In summarizing the initial inoculation steps, a patient is exposed to an immune response compound in a conventional vaccination protocol, such as is done for annual flu shots and traditional childhood vaccinations. In the instant protocol, the vaccine consists of metal specific human scFv modified by the immune inducing agent (i.e., hapten or haptens) of choice. In one embodiment of the protocol, the haptens are attached to proteins other than scFv in instances of concern about generating an autoimmune response to the human immune system. Alternatively an alternative scFv that is not reactive with human tissue is utilized. An scFv-hapten complex is preferred however as the immunogen would provide a more specific, higher affinity immune response to any pathogen-specific scFv-hapten used in the event of disease, thus the construct's role as a universal vaccine is realized. The scFv used as the hapten carrier is merely a proxy for the pathogen-specific scFv identified in phage studies, discussed immediately below. Once a pathogen presents itself in a population, the method continues as follows:

    • 4. Obtaining protein coats for the pathogen, i.e., Virus X (VX).
    • 5. Isolating and immobilizing VX coat proteins.
    • 6. Introducing phage particles that “display” different antibodies on their outer surface. This step identifies which antibody components will interact with the pathogen.
    • 7. Incubate and wash gently the phage library to remove non-binding, noninteracting constructs from the phage-VX mixture.
    • 8. Wash more stringently to remove the phage particles that were bound so that those phage can be used to infect a bacterial culture.
    • 9. Infect bacteria with those phage containing surface modifiers which interacted with VX proteins in step 6, and later isolated from ambiguous complexing events via washing steps 7 and 8. This infection step serves to amplify populations of the binders.
    • 10. “Cloning” the phage to generate homogeneous populations, using standard cloning protocols found in the literature. These populations will provide DNA that encode scFv constructs that bind the coat proteins of the putative VX.
    • 11. Modifying scFV-VX DNA to optimize stability of the protein it encodes.
    • 12. Introducing scFv-VX DNA into bacteria or yeast.
    • 13. Producing and purifying scFv-VX protein.
    • 14. Modifying scFv-VX by attachment of the compound initially used to induce an immune response in step 2.
    • 15. Infusing patients previously immunized with the modifying, immune response inducer.

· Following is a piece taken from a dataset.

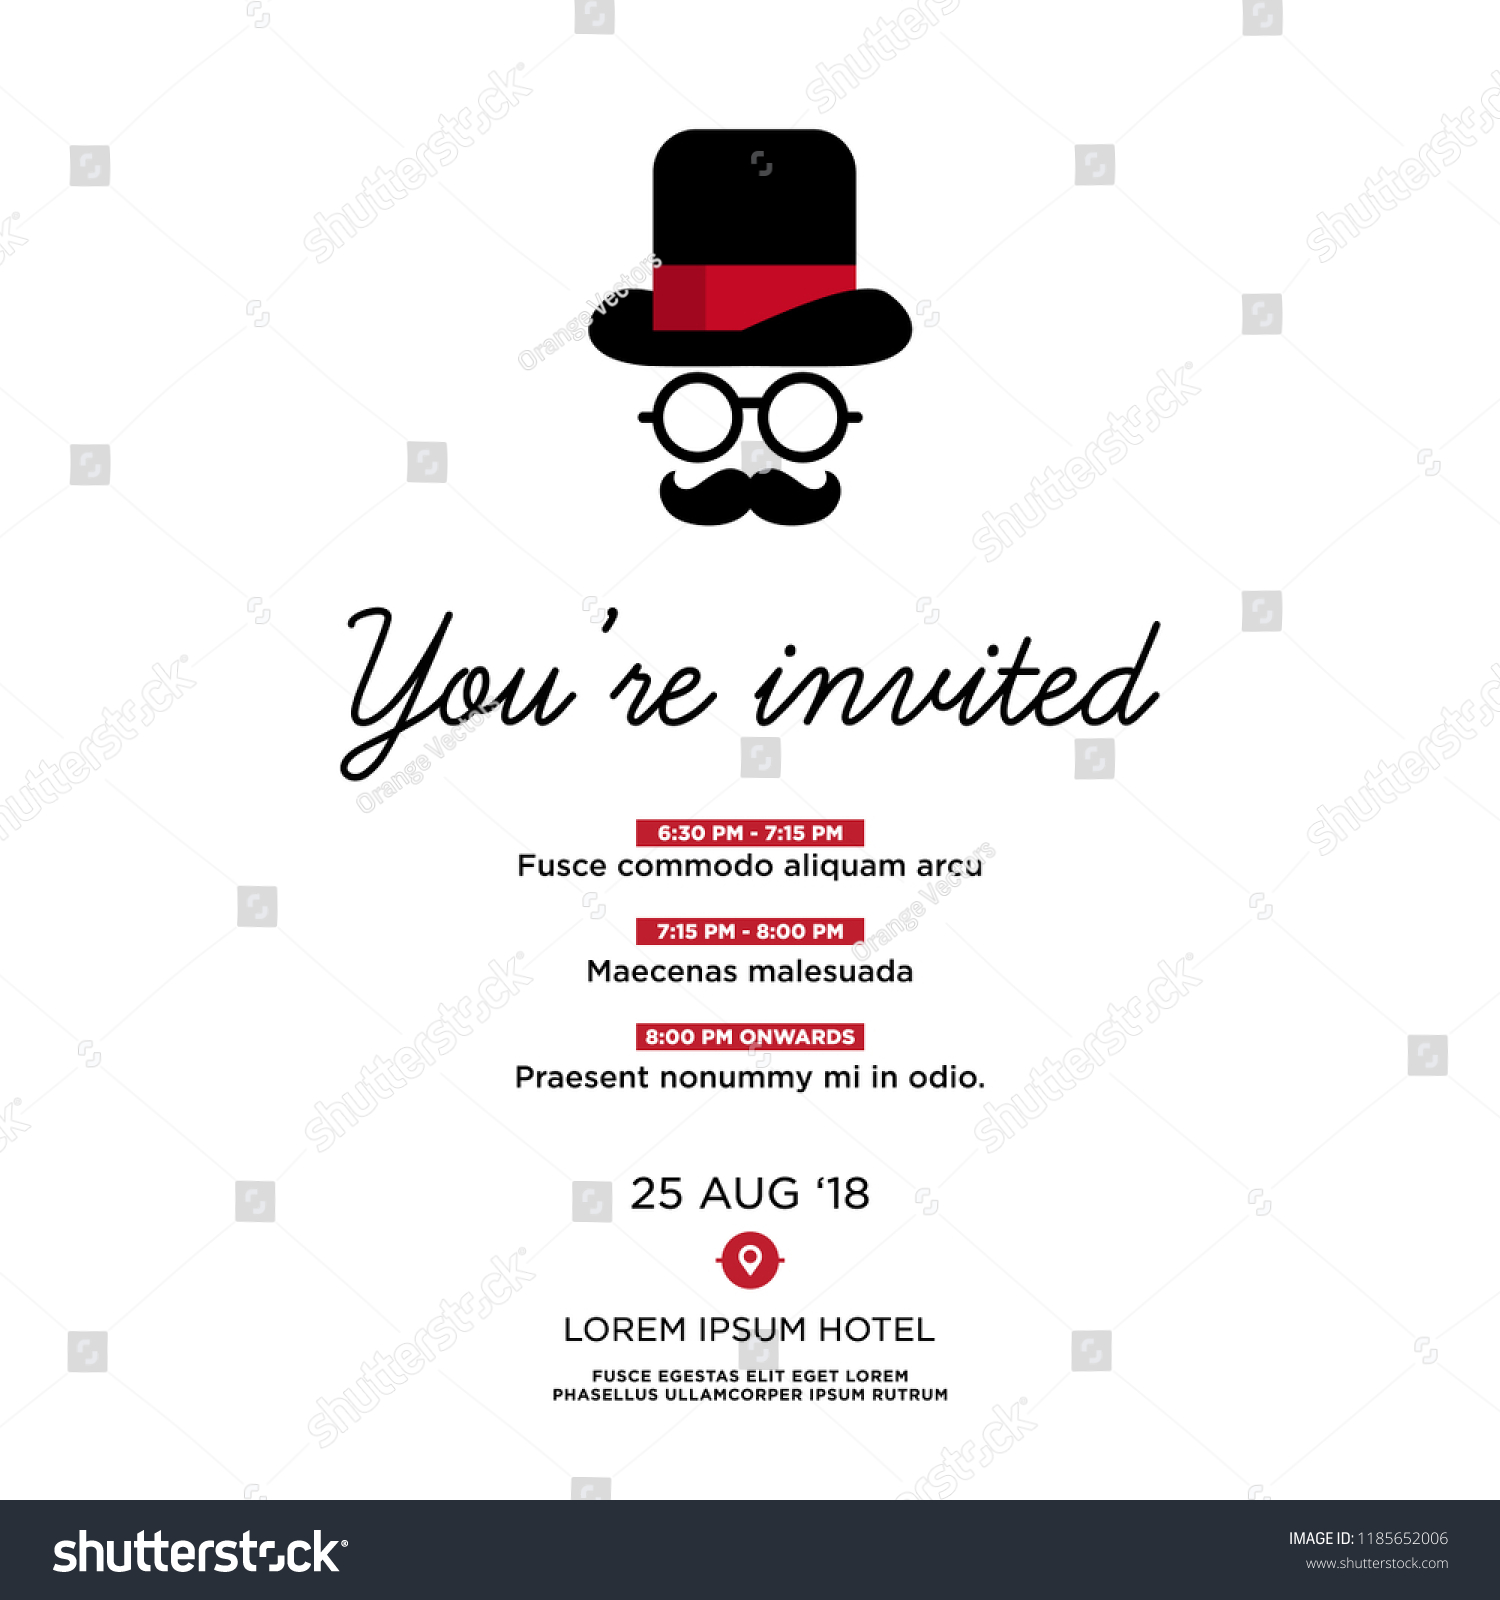 Formal Party Invitation Template from image.shutterstock.com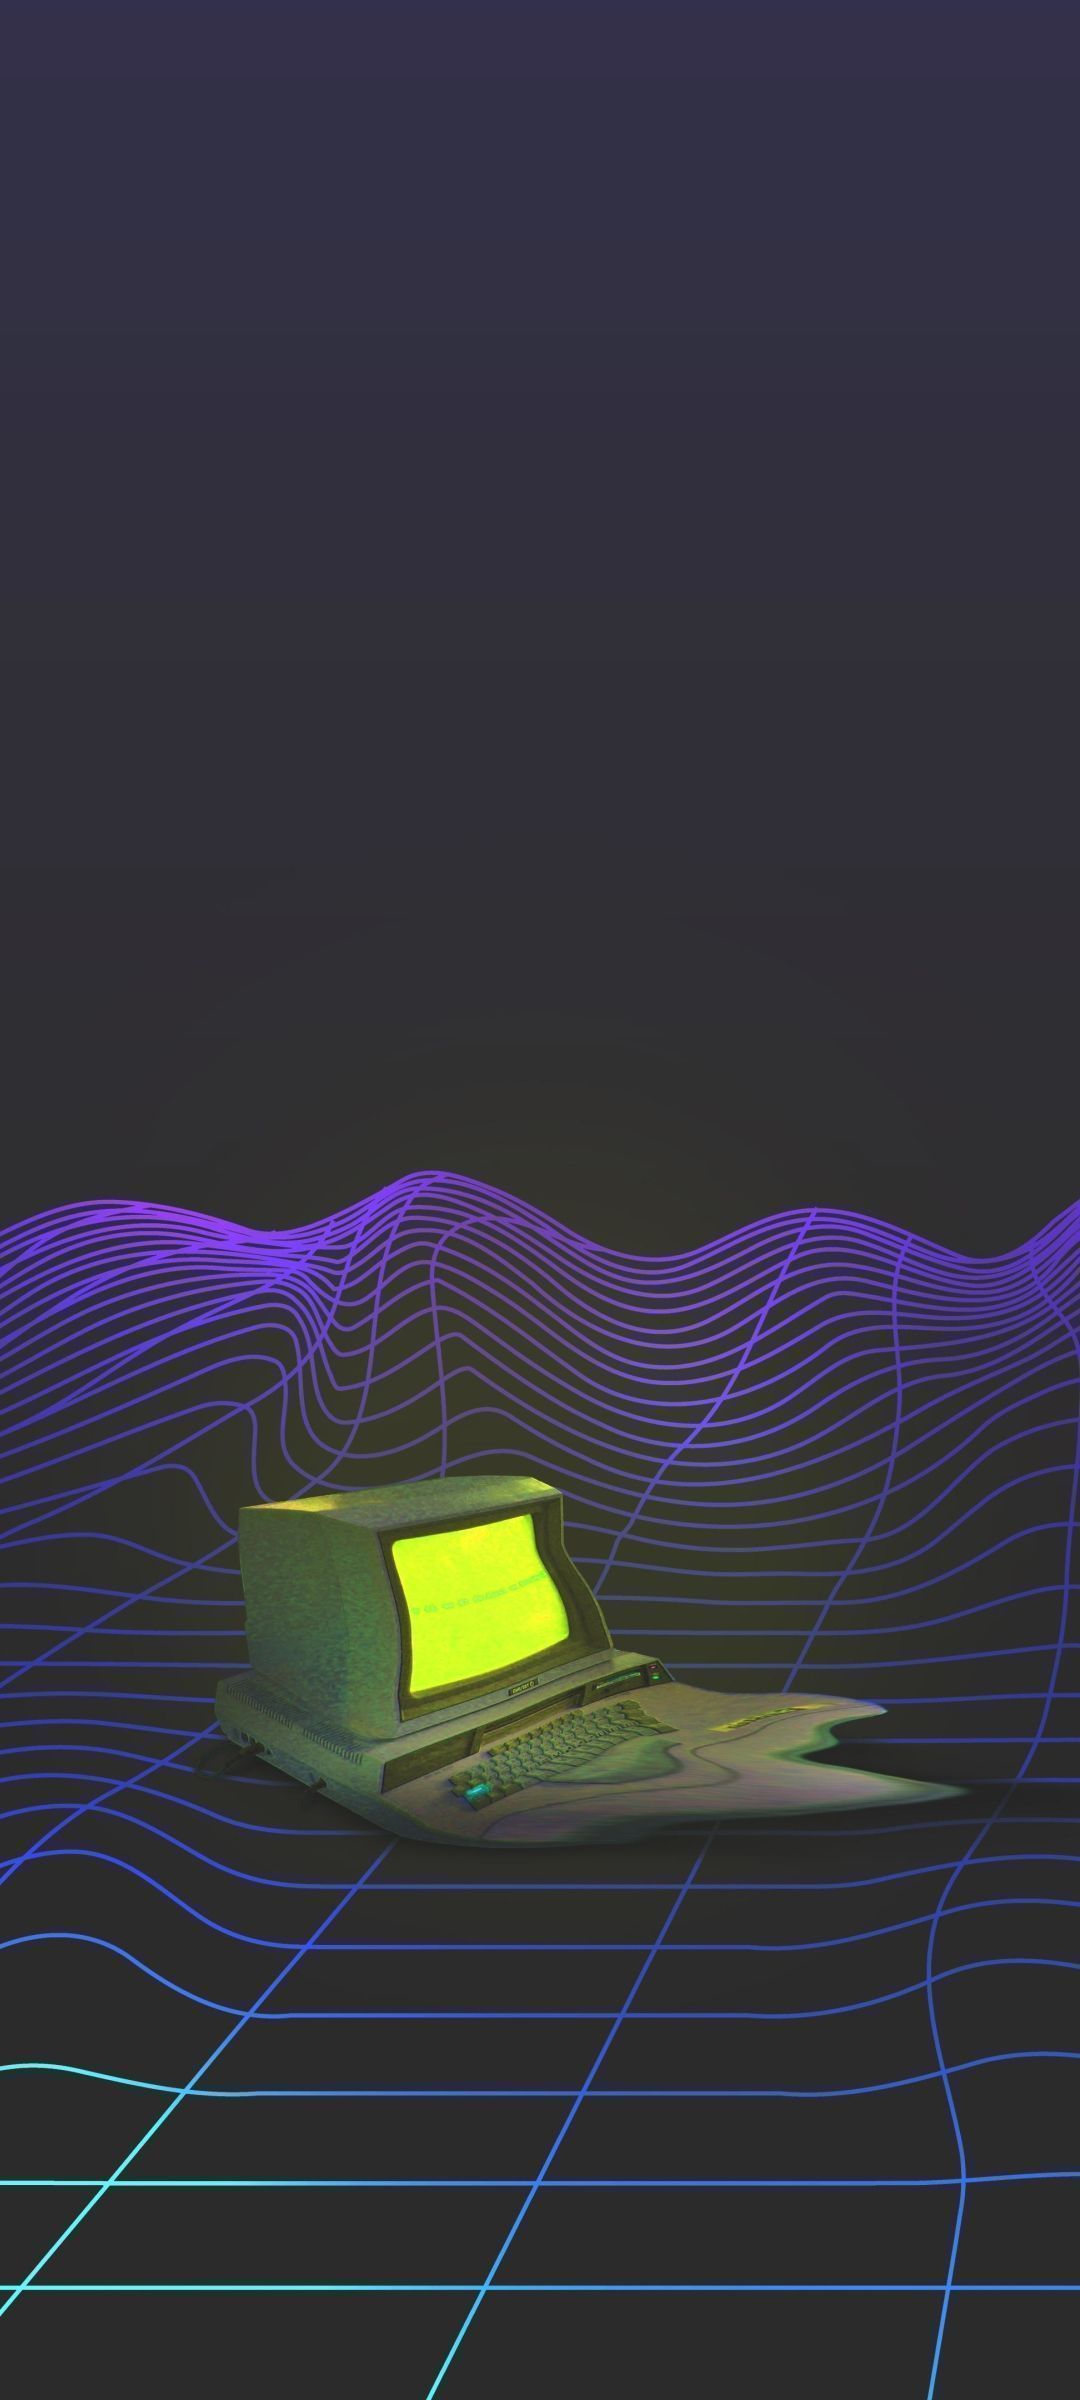 Retro aesthetic phone wallpaper of a neon green glowing laptop - 1080x2400

Once patient infusion occurs, the scFv-VX-modifier particle, depicted in FIG. 2C, will bind to VX. The immune system will respond to the complex quickly in that antibodies will attach to the VX::scFv-VX-modifier particle complex. This induces the patient's white blood cells to remove the VX::scFv-VX-modifier particle complexes. The attachment of VX to the complex is a noncovalent interaction.

While the invention has been described in the foregoing with reference to details of the illustrated embodiments, these details are not intended to limit the scope of the invention as defined in the appended claims.